# Vri-variety



## pkyorkbeach (Aug 10, 2010)

Being new to Timesharing I am curious how TUG members feel about VRI or VRIety, either to exchange a week at their home resort or to exhange for a different VRI resort????

Thank you for your thoughts and ideas...


Appreciate


----------



## theo (Aug 10, 2010)

*Good question...*



pkyorkbeach said:


> Being new to Timesharing I am curious how TUG members feel about VRI or VRIety, either to exchange a week at their home resort or to exhange for a different VRI resort????



VRI*ety is itself relatively new (just a very few years old now). This question has been raised before (...you can find old posts on the subject via a "search").

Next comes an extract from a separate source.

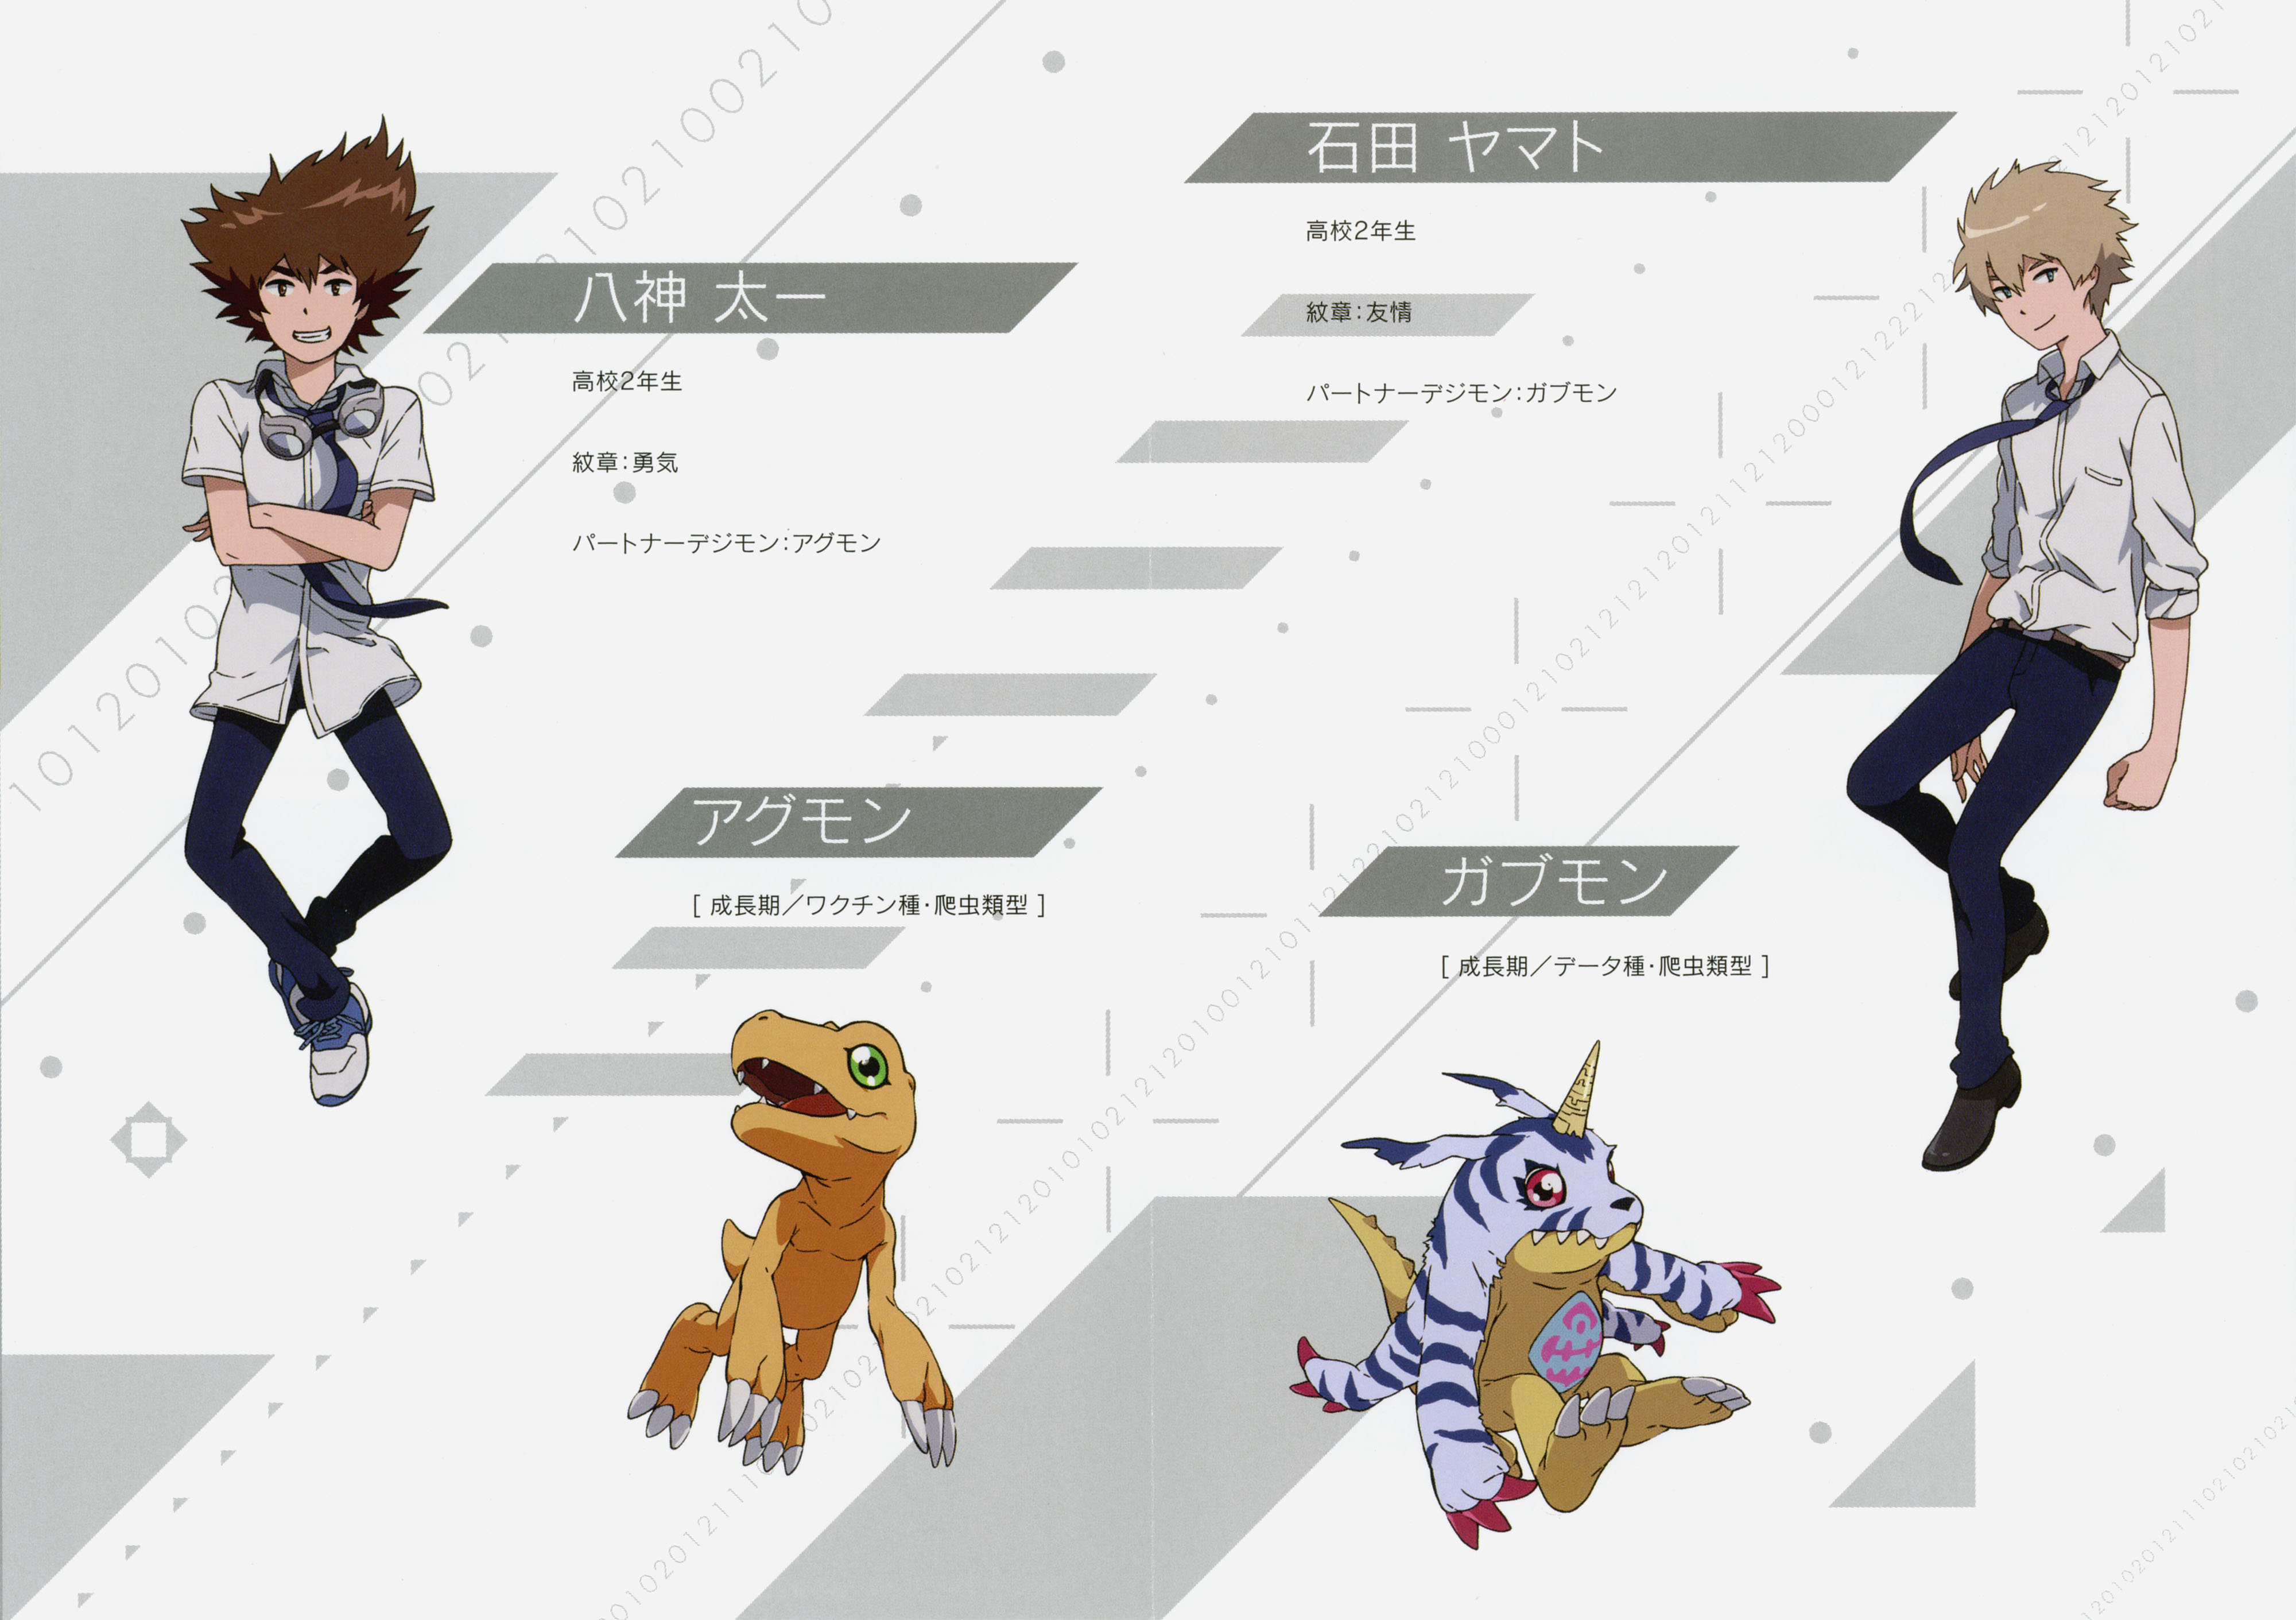 Digimon Adventure Tri. Character Design Visuals Revealed - Haruhichan

When last discussed here, I seem to recall that there was not yet much experience gained or shared regarding VRI*ety --- good, bad or indifferent. I was (still am) quite interested in the topic myself, since the majority of my owned weeks are at VRI managed facilities. I personally think that VRI is a highly competent management company with a very strong track record in facility management. The VRI*ety program, however, is still relatively unknown / untested. The previous threads all seemed to conclude with folks suggesting to one another "Why don't you try it and then let us know how it works out for you"?  
Maybe now there will be folks weighing in with experiences gained since those old discussions... 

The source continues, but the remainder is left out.